Production: ECODB_ENV=production activates security validation. The API refuses to start if ECODB_JWT_SECRET or ECODB_API_KEY_PEPPER are missing, too short (< 16 chars), or at their dev defaults.

INTERNAL_BROADCAST_SECRET: required for document ingestion events (--profile with-ingestion). Without it, worker SSE events are silently dropped. If upgrading from v1.1.x or earlier, the old public default (fa8b0c02...) was shipped in docker-compose — rotate it: openssl rand -hex 32 → update .envdocker compose restart api worker.

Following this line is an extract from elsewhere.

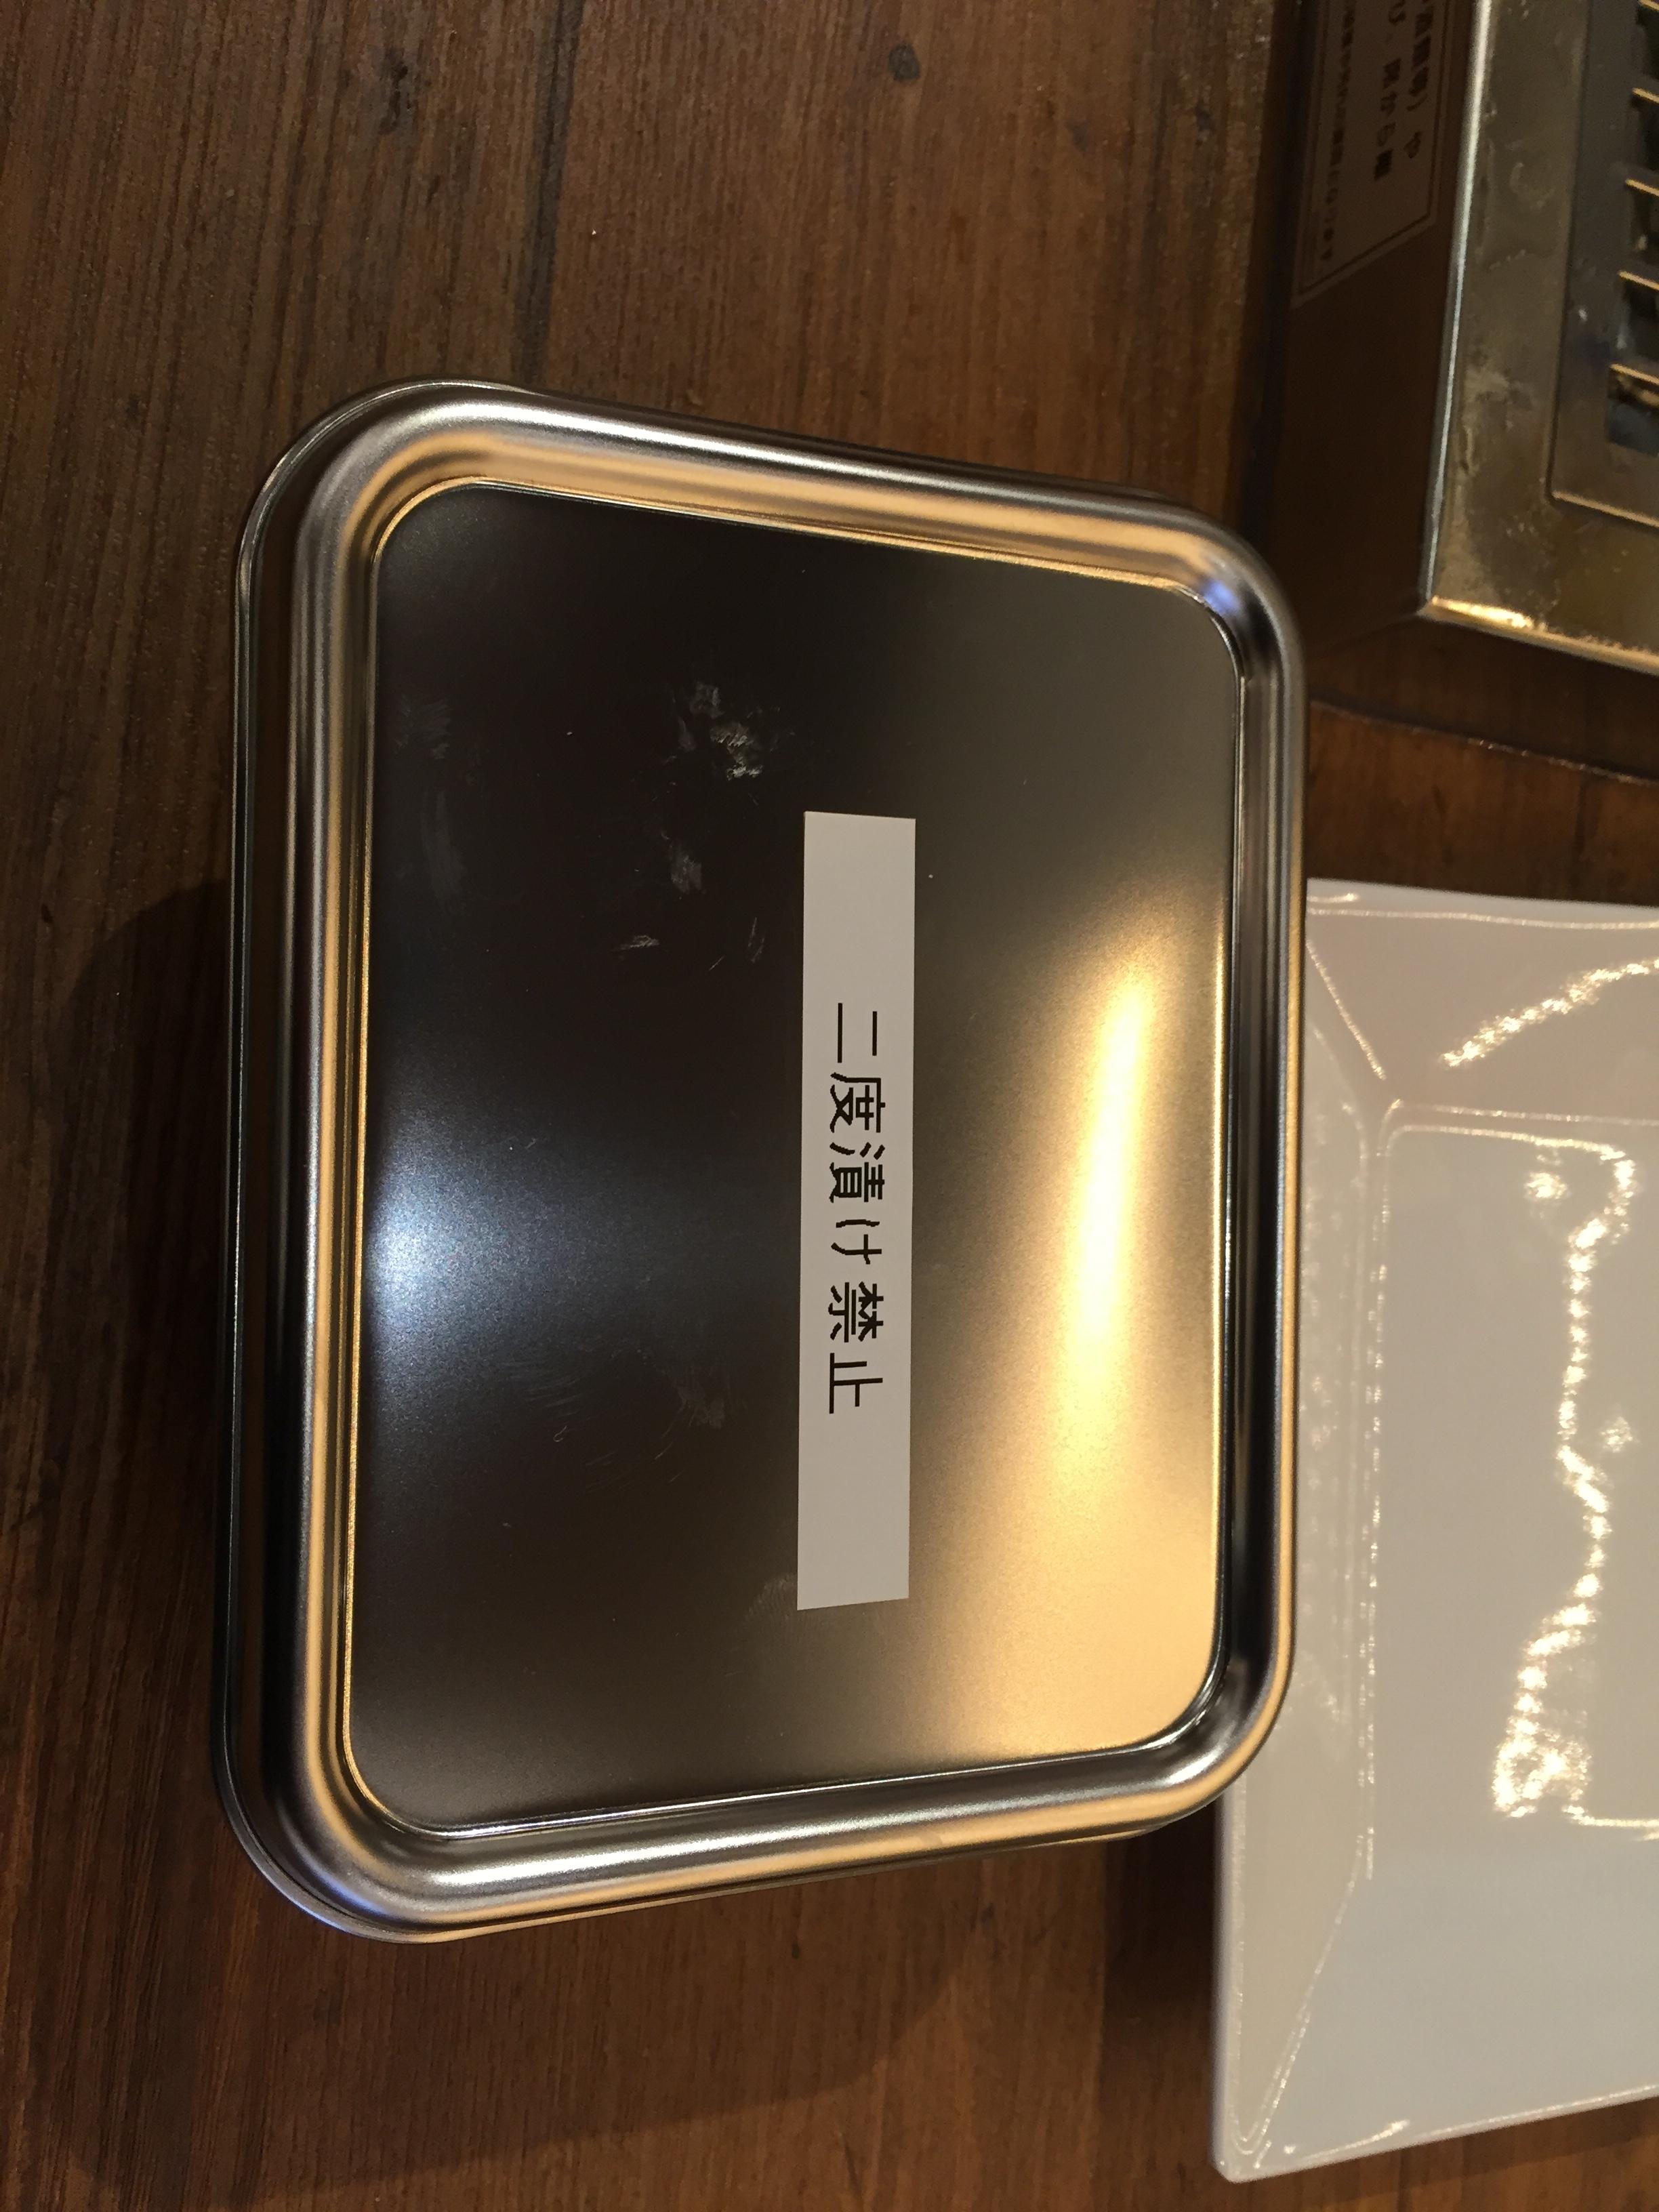 大阪通天閣新世界串カツバイキング大統領串カツソース二度づけ禁止
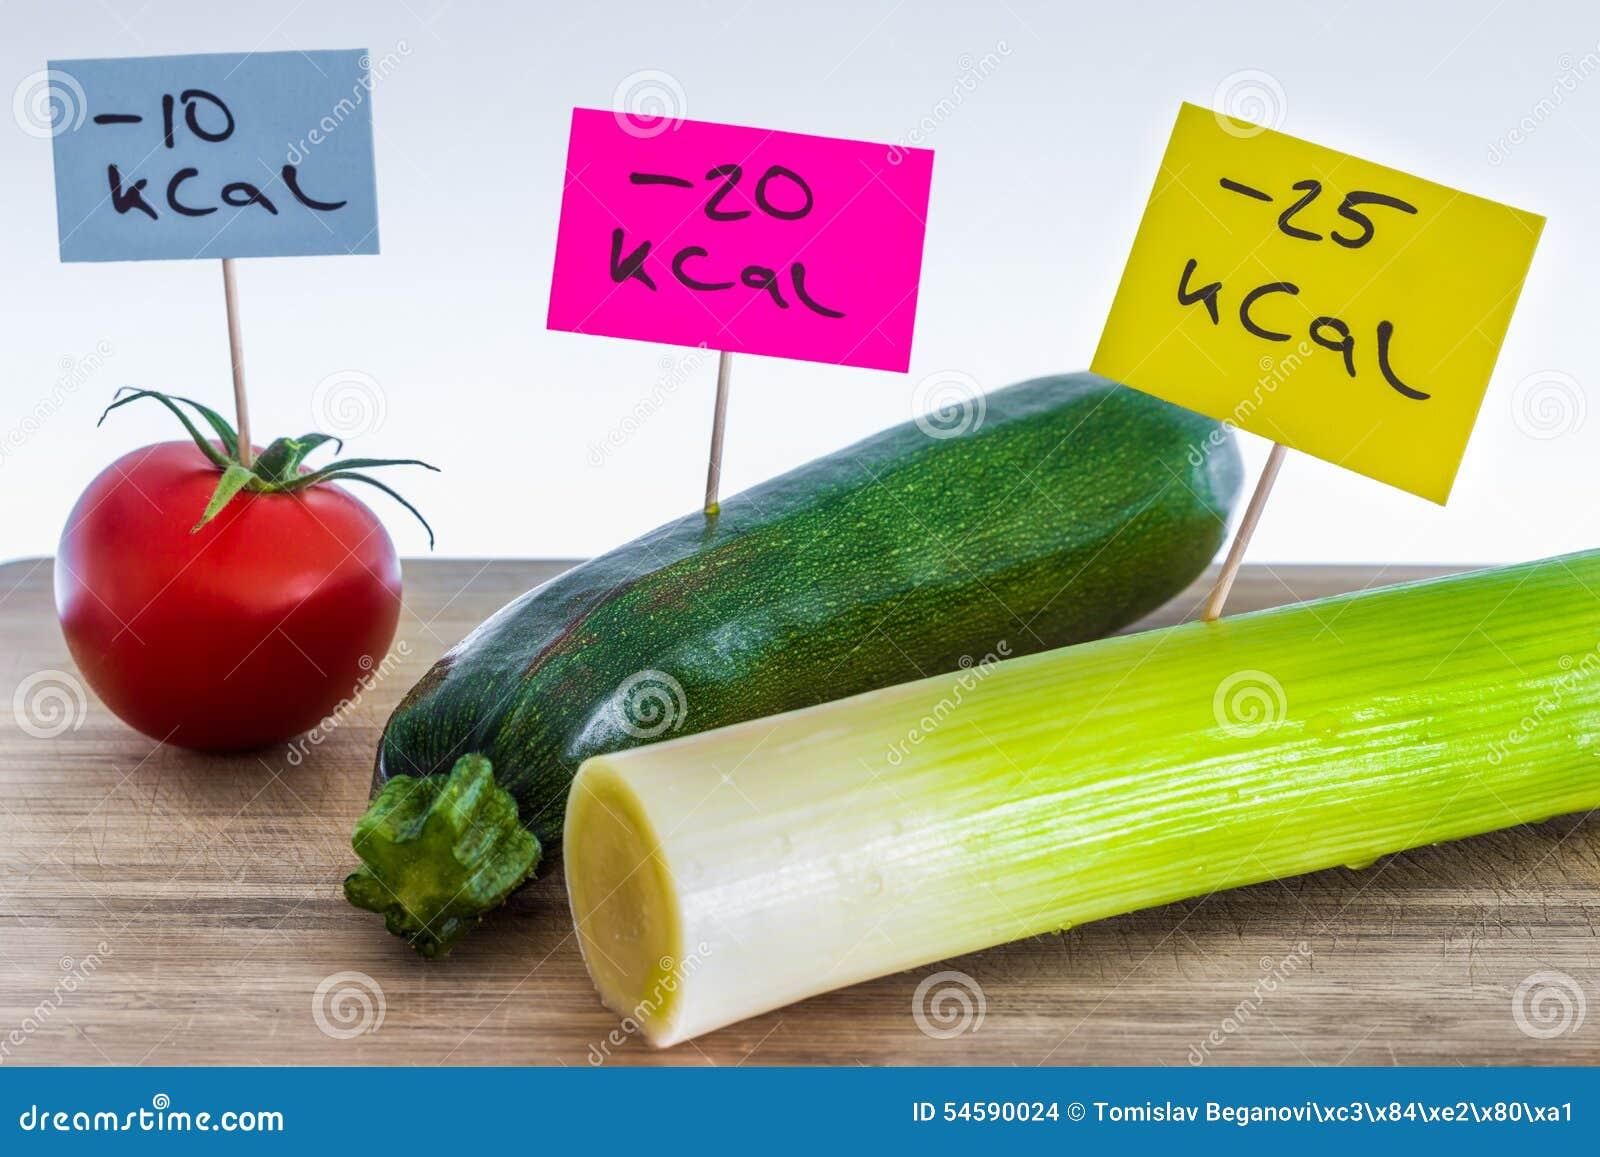 Negativo-calorías De Comida; Puerros, Calabacín Y Tomate Foto de ...

Verify schema version after upgrade:

docker exec ecodb-postgres psql -U ecodb -d ecodb -c \
  "SELECT version FROM schema_version ORDER BY applied_at DESC LIMIT 1;"

Expected: 5.3.0

Documentation

Development

# Tests (requires postgres on port 5435)
cd api && python -m pytest tests/ -v

# Type check
cd api && python -m mypy .

# Run API locally for debugging
docker compose up postgres embeddings -d
cd api && uvicorn main:app --reload --port 8080

License

PolyForm Noncommercial 1.0.0. Free for personal, educational, and noncommercial use. Commercial deployment requires a separate license from Eco Consulting.